Dari Al Fairuz Ad-Dailami, dia berkata: Kami datang menghadap
Rasulullah SAW, kemudian berkata, "Wahai Rasulullah, engkau telah
mengetahui siapa kami, dan kemana kami?" Beliau menjawab, "Kepada Allah dan Rasul-Nya" Kami kemudian bertanya lagi, "Wahai Rasulullah, kami mempunyai anggur yang tidak kami gunakan?" Beliau berkata, "' Keringkanlah anggur itu!" Kami berkata lagi, "Lalu apa yang dapat kami buat dengan anggur kering?" Beliau bersabda, "Buatlah
minuman anggur untuk makan siangmu dan minumlah pada waktu makan
malammu. Buatlah anggur pada waktu makan malammu dan minumlah pada waktu
makan siangmu. Buatlah anggur dalam jumlah yang banyak (bersama banyak
orang) dan janganlah membuat Anggur dalam jumlah yang sedikit atau
sendiri-sendiri, karena jika terlambat memerasnya anggur tersebut akan
menjadi cuka. " (Hasan Shahih)
عَنْ عَائِشَةَ رَضِيَ اللَّهُ عَنْهَا قَالَتْ كَانَ
يُنْبَذُ لِرَسُولِ اللَّهِ صَلَّى اللَّهُ عَلَيْهِ وَسَلَّمَ فِي
سِقَاءٍ يُوكَأُ أَعْلَاهُ وَلَهُ عَزْلَاءُ يُنْبَذُ غُدْوَةً
فَيَشْرَبُهُ عِشَاءً وَيُنْبَذُ عِشَاءً فَيَشْرَبُهُ غُدْوَةً
3711.
Dari Aisyah, dia berkata: Rasulullah dibuatkan anggur (oleh para
sahabatnya) dalam bejana dari kulit yang mempunyai tali penutup dan
pembuka. Bejana tersebut juga memiliki lubang pada bagian bawah, guna
membuat anggur pada waktu makan siang dan meminumnya pada waktu makan
malam, atau dibuat pada waktu makan malam dan diminum pada waktu makan
siang. (Shahih: Muslim)
عَنْ عَائِشَةَ رَضِيَ اللَّهُ عَنْهَا أَنَّهَا
كَانَتْ تَنْبِذُ لِلنَّبِيِّ صَلَّى اللَّهُ عَلَيْهِ وَسَلَّمَ غُدْوَةً
فَإِذَا كَانَ مِنْ الْعَشِيِّ فَتَعَشَّى شَرِبَ عَلَى عَشَائِهِ وَإِنْ
فَضَلَ شَيْءٌ صَبَبْتُهُ أَوْ فَرَّغْتُهُ ثُمَّ تَنْبِذُ لَهُ
بِاللَّيْلِ فَإِذَا أَصْبَحَ تَغَدَّى فَشَرِبَ عَلَى غَدَائِهِ قَالَتْ
يُغْسَلُ السِّقَاءُ غُدْوَةً وَعَشِيَّةً فَقَالَ لَهَا أَبِي مَرَّتَيْنِ
فِي يَوْمٍ قَالَتْ نَعَمْ
3712.
Dari Aisyah, dia berkata: Pada waktu makan siang aku membuatkan minuman
dari kurma untuk Rasulullah SAW, yang diminum oleh beliau pada waktu
makan malam. Jika ada yang tersisa maka aku tuang atau kosongkan.
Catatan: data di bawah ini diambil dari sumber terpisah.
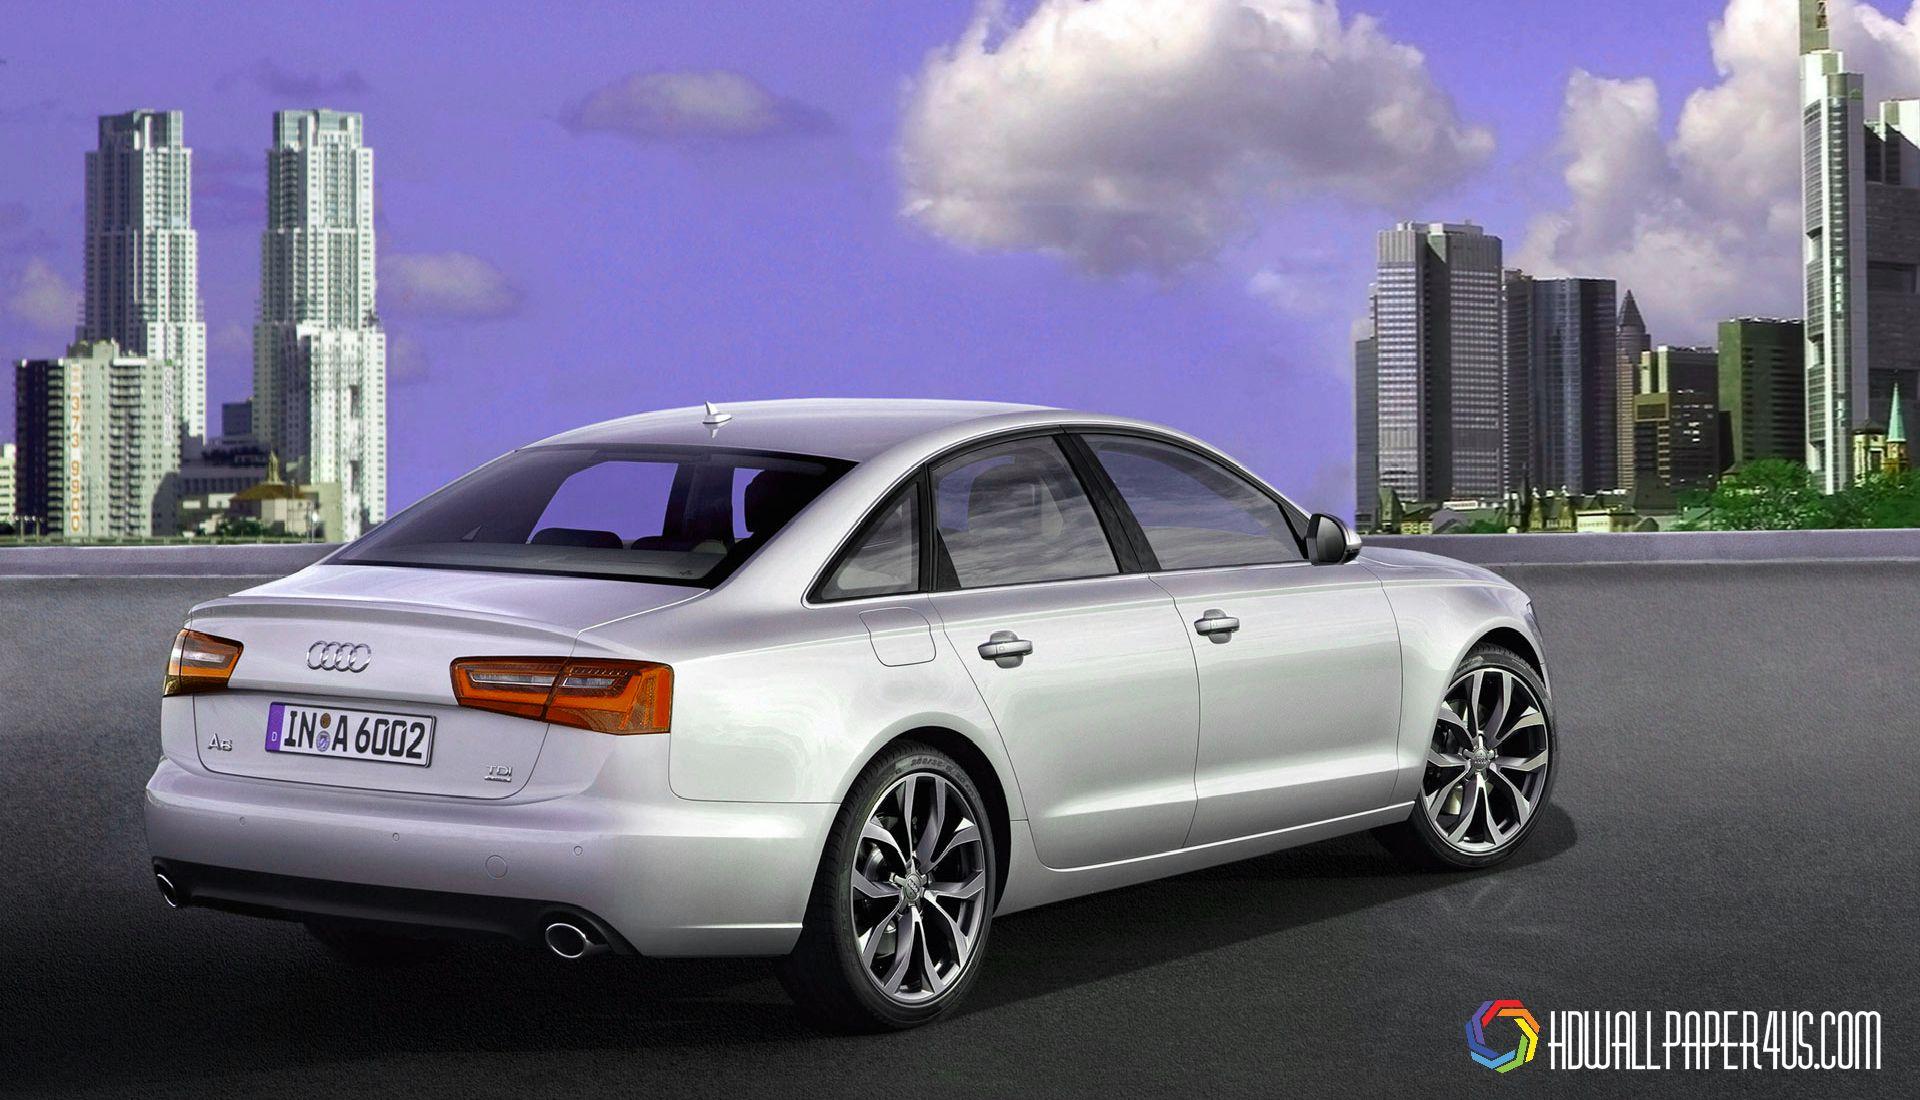 Download Audi A6 2012 Download Wallpaper Hd Hd Widescreen Wallpaper Or High Definition Widescreen Wallpapers From The Below Download Wallpaper Hd Audi A6 Audi

Kemudian pada malam harinya aku membuatnya lagi, untuk beliau minum pada
esok hari. Aisyah melanjutkan: Bejana —dari kulit— tersebut dicuci tiap
pagi dan sore. Kemudian Ayahku (Abu Bakar) bertanya kepadaku, "Dua kali
dalam sehari?" Aku menjawab, "Ya!" (Hasan Sanadnya)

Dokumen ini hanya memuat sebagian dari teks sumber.